It's fairly easy to find free worldwide city data online, from sources such as the MaxMind WorldCities database and the GeoNames data dump. Converting the provided CSV data into a usable hierarchy of countries, regions, cities and districts can be a bit of a pain though. That's why I created django-cities, which you can just plug right in to any Django project to get the whole hierarchy of data.
The project comes with a full dump of all of the GeoNames data after being converted to the hierarchical form and cleaned up, so if you use the project you won't have to worry about the source data at all. For those that are interested, or wish to perform different cleanup from me, the import script is included in the project.
For each country there's data about the population size, TLD, continent, and ISO country code (usually, but not always, the same as the TLD). With just the country data we can perform some interesting queries.
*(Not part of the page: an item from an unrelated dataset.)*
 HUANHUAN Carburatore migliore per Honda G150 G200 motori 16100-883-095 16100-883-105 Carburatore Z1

For example, what country has the currently popular TLD "ly":
>>> from cities.models import * >>> Country.objects.get(tld='ly') <Country: Libya>
and what are the 5 most populated countries:
>>> Country.objects.order_by('-population')[:5] [<Country: China>, <Country: India>, <Country: United States>, <Country: Indonesia>, <Country: Brazil>]
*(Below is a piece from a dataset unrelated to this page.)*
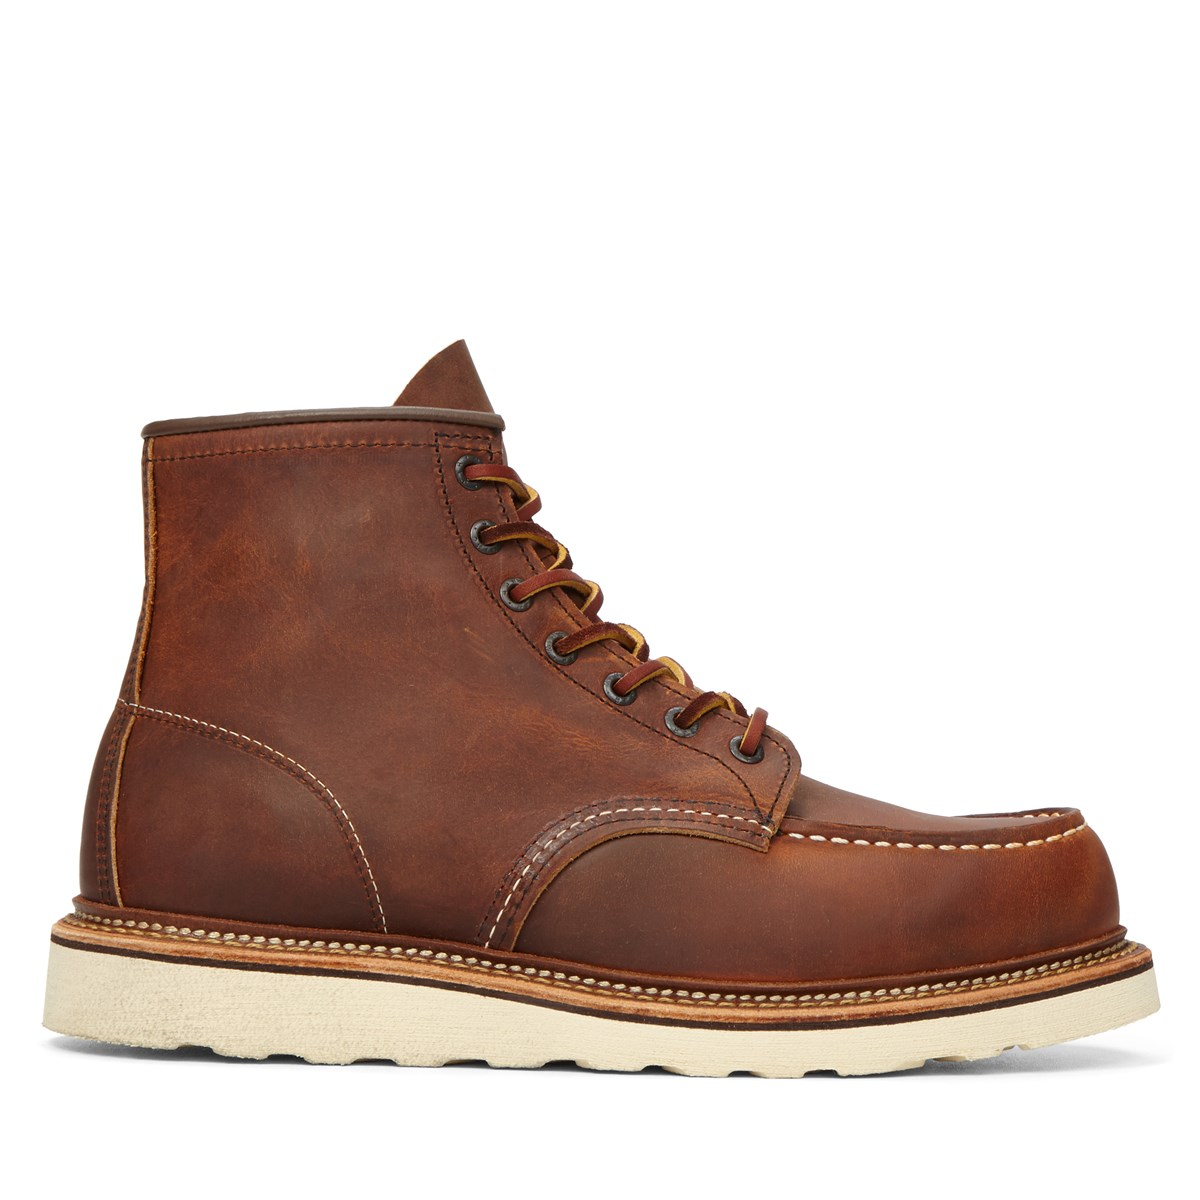 s moc toe 1907 classic leather boots burgundy

Countries are broken down into regions, and then regions into cities. For each city we have the latitude and longitude, and population. The City object also has a couple of handy functions to find the nearest city to a given latitude and longitude:
>>> City.objects.nearest_to(51, 1) <City: Dymchurch, Kent, United Kingdom>
All of the models use the GeoManager, so we can perform more complex geo-based queries, and also combine geo queries with normal ones. For example, here we get the 5 closest cities to London that have a population of at least 250,000 people:
>>> london = City.objects.filter(region__country__name='United Kingdom').get(name='London') >>> cities = City.objects.distance(london.location).exclude(id=london.id).filter(population__gt=250000).order_by('distance')[:5] >>> for c in cities: ... print "%s (%0.2f miles)" % (c, c.distance.mi) ... Leicester, Leicestershire, United Kingdom (104.33 miles) Coventry, Warwickshire, United Kingdom (114.13 miles) Birmingham, Birmingham, United Kingdom (140.33 miles) Hull, Lincolnshire, United Kingdom (155.17 miles) Wolverhampton, St. Helens, United Kingdom (157.33 miles)
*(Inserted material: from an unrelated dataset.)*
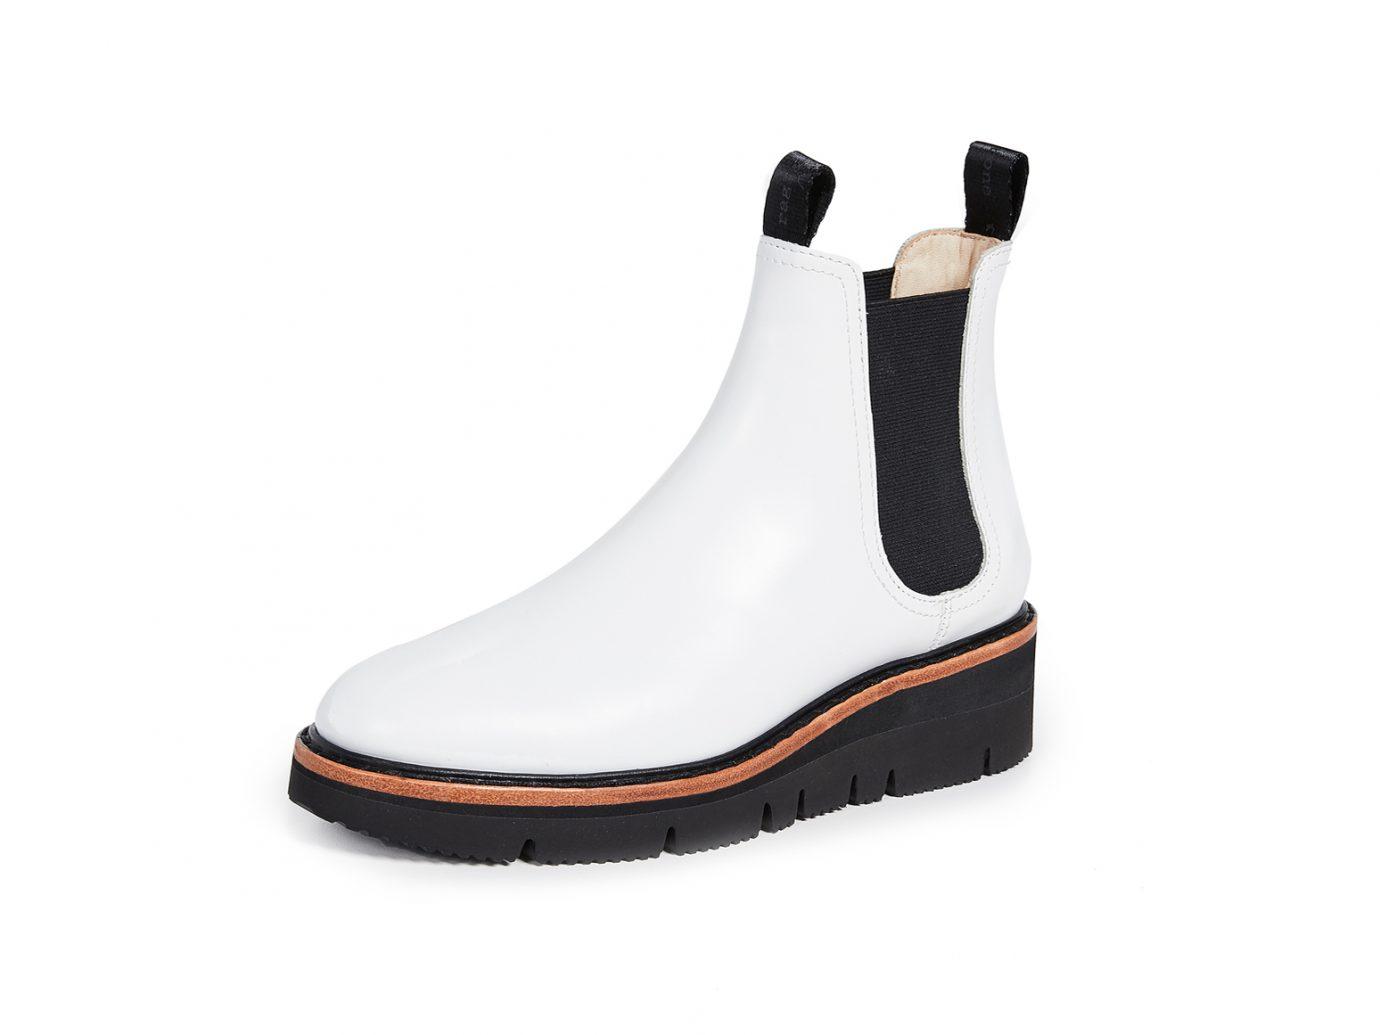 Rag & Bone Taryn Chelsea Boots

The largest cities are broken down into districts, for which there is also a latitude and longitude and population count. All of the models in the cities project have a
hierarchy property which returns a list that includes the current object and all it's parents. For a Country object this would of course just contain the Country object, and at the other extreme it would contain a District, City, Region and Country for a District object.
django-cities is already being used to great effect on the Geomium community page directory (along with the great famfamfam world flag icons), and I'm hoping it can be used by many others. If you do start using django-cities, or have any suggestions or comments, I'd love to know!